あなたを救いに未来から来たと言うヒロインは三人目ですけど?

氷純

第一章 未来人とチェシャ猫論

第1話 未来人、一人目

 本家の玄関で靴を脱ぐ。


「あら、白杉の……お嬢様からのお呼び出し?」


 掃除をしていたお手伝いさんに声をかけられて頷く。


「高二になったんだから姿を見せに来いと言われまして」


 昨日も呼びつけられたんだけどね。始業式の朝から呼び出しは正直面倒だけど、すっぽかすと何を言われるか分かったものじゃない。

 お手伝いさんも苦笑して、奥の方を振り返った。


「お嬢様はいつも通りに自室ですよ」

「ありがとうございます」


 勝手知ったるなんとやら。お嬢様こと松瀬まつせ海空みそらの自室はこの屋敷の最奥にある。


 大学なんて時間の無駄と進学はせず、自室で趣味にいそしむかデイトレードで荒稼ぎする俺の又従妹は、今日も今日とて誰も来ない屋敷の最奥にこもっているらしい。

 庭の池で鯉が跳ねる音がする。遅咲きの梅の木が白い花弁を散らしていた。

 松瀬海空の部屋の前に到着すると、扉の隙間から冷気がこぼれだしていた。春とはいえまだ肌寒いこの季節に冷房を利かせているらしい。


「海空姉さん、巴だよ」


 部屋の中に呼びかけると、音もなく扉が開かれた。


 欠伸を手で隠しながら出てきたのは、成長した日本人形とでもいうべき容姿の女性。身長は百七十センチある俺とそう変わらない。女性にしては高身長の彼女こそ、俺の又従妹に当たる松瀬本家の現当主、お嬢様こと松瀬海空である。

 墨でも流したような真っ黒な髪が腰までまっすぐ伸びている。中性的で端正な顔立ちながら、アーモンド形の目は優し気で薄紅色の小紋がよく似合っていた。


「やぁ、巴。進級おめでとう。男振りは上がらなかったようだけど」


 海空姉さんはくすくす笑いながら俺の肩を乱暴に叩き、部屋に招いてくる。


「巴に進級祝いを渡したいと思ってね。登校時間までもう間がないだろう。スマホを貸してくれ」

「スマホ?」


 進級祝いに何の関係があるんだと思いつつ、スマホを渡す。


 というか、この部屋寒いな。

 部屋の中を見回す。いつも通りの海空姉さんの部屋だ。パソコンが二台、片方は待機状態だけど、もう片方はチャートを写している。自前のサーバーがラックに納められていて、いまも稼働状態にあった。

 書棚にはプログラム関係の雑誌が並んでいる。ちょこちょこと差し挟まれる女性誌はよく見るとプログラム雑誌を年度ごとに分ける仕切り板として活用されていた。

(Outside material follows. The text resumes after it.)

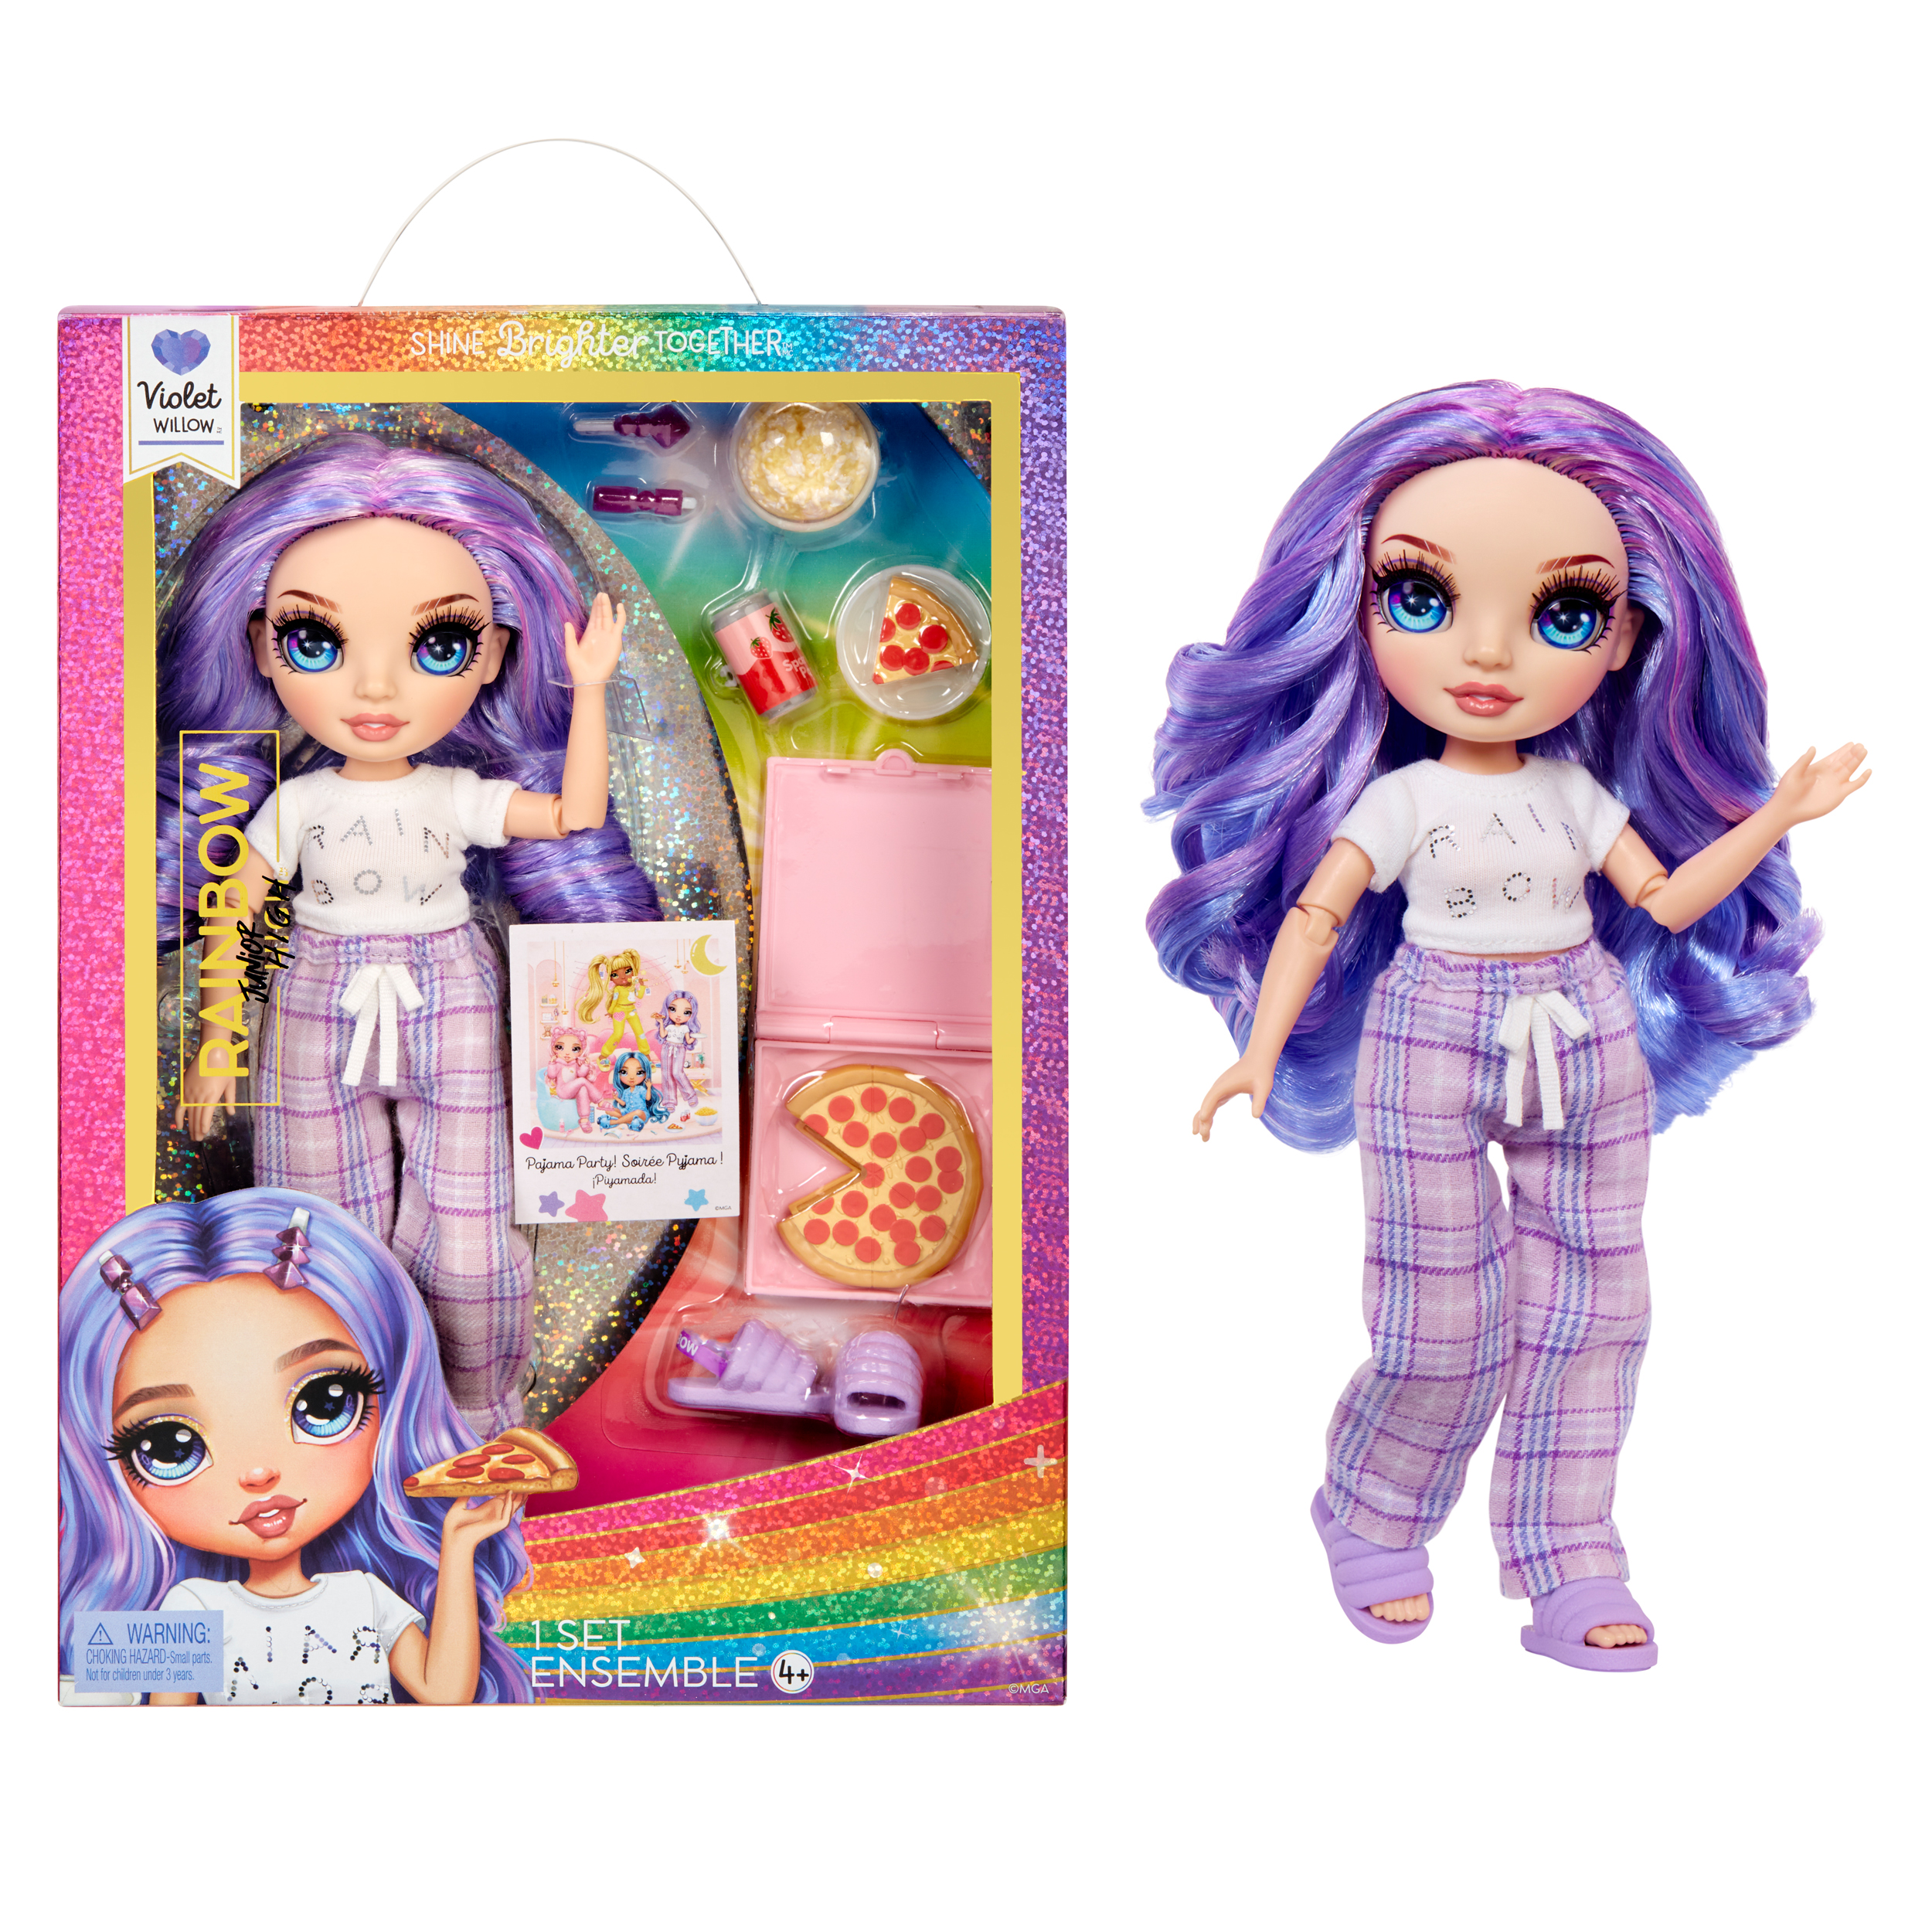 Rainbow High Jr High PJ Party Violet, Purple 9” Posable Doll, Soft Onesie, Slippers, Play Accessories, Kids Toy Ages 4-12 - image 1 of 8
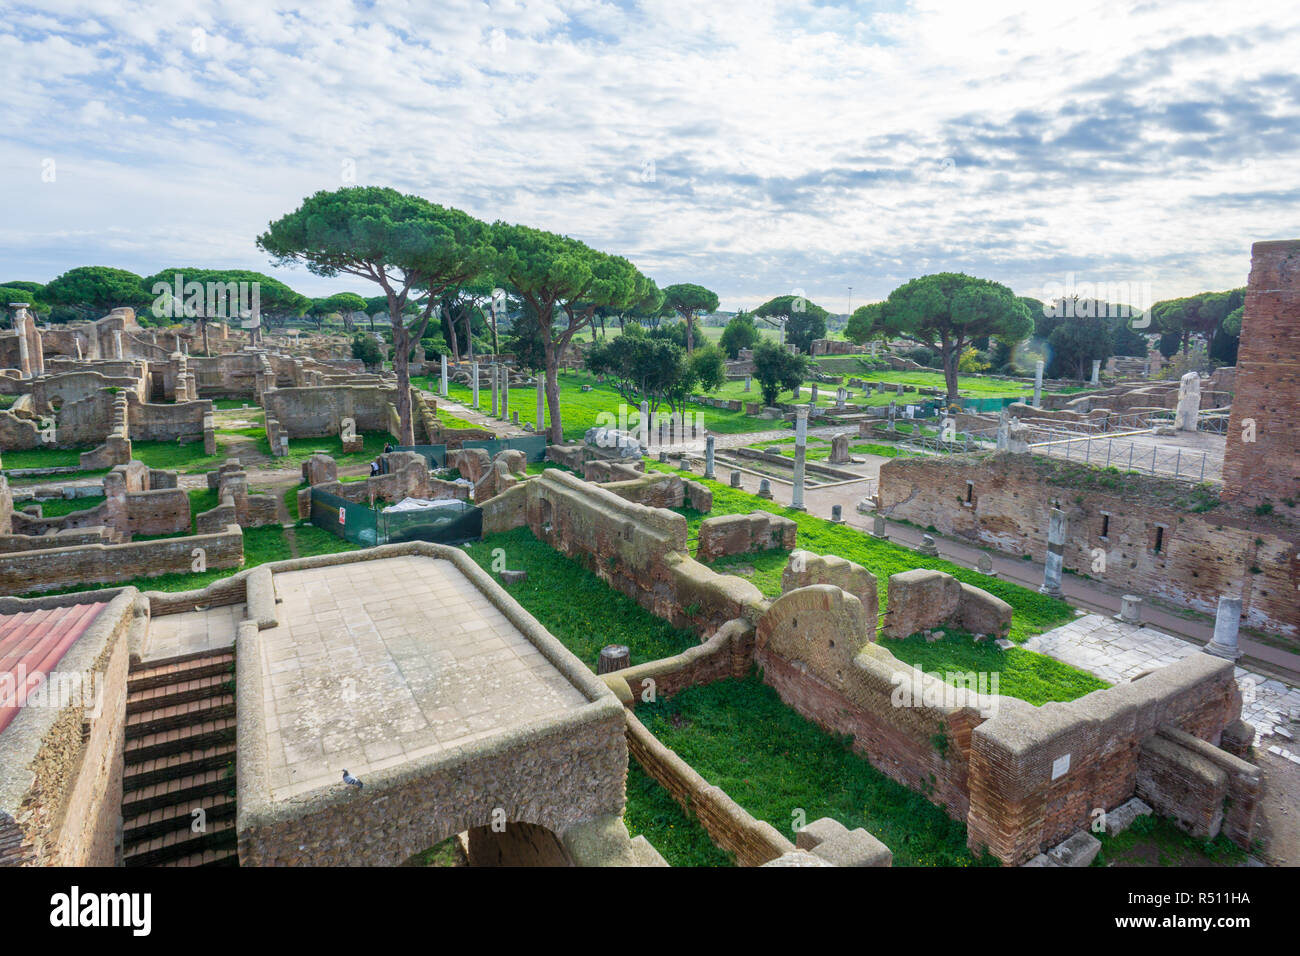 Ostia antica in Rome, Italy. Landscape in the Roman archaeological ruins Stock Photo

 ラックの端にはBLゲームのキャラクターフィギアが数体、なぜか女装させられて安置されている。


「巴、改めて進級おめでとう。これが進級祝いの自作プログラムだよ」


 部屋を見回しているうちに、俺のスマホに勝手になんかのプログラムがインストールされていた。

 返されたスマホの画面に視線を落とす。省エネモードのスマホにはなかなかのイケメンが写っていた。高校二年生くらいか。すっと通った鼻筋と細めの眉、松瀬の血筋を感じさせるアーモンド形の優しげな眼――

 あ、これ画面に反射した俺だったわ。

 うん、なんでもない。


 スマホのスリープモードを解除すると、覚えのないアプリアイコンがあった。起動する前に勝手にアプリが立ち上がり、バニーガール姿の少女キャラクターが画面に表示される。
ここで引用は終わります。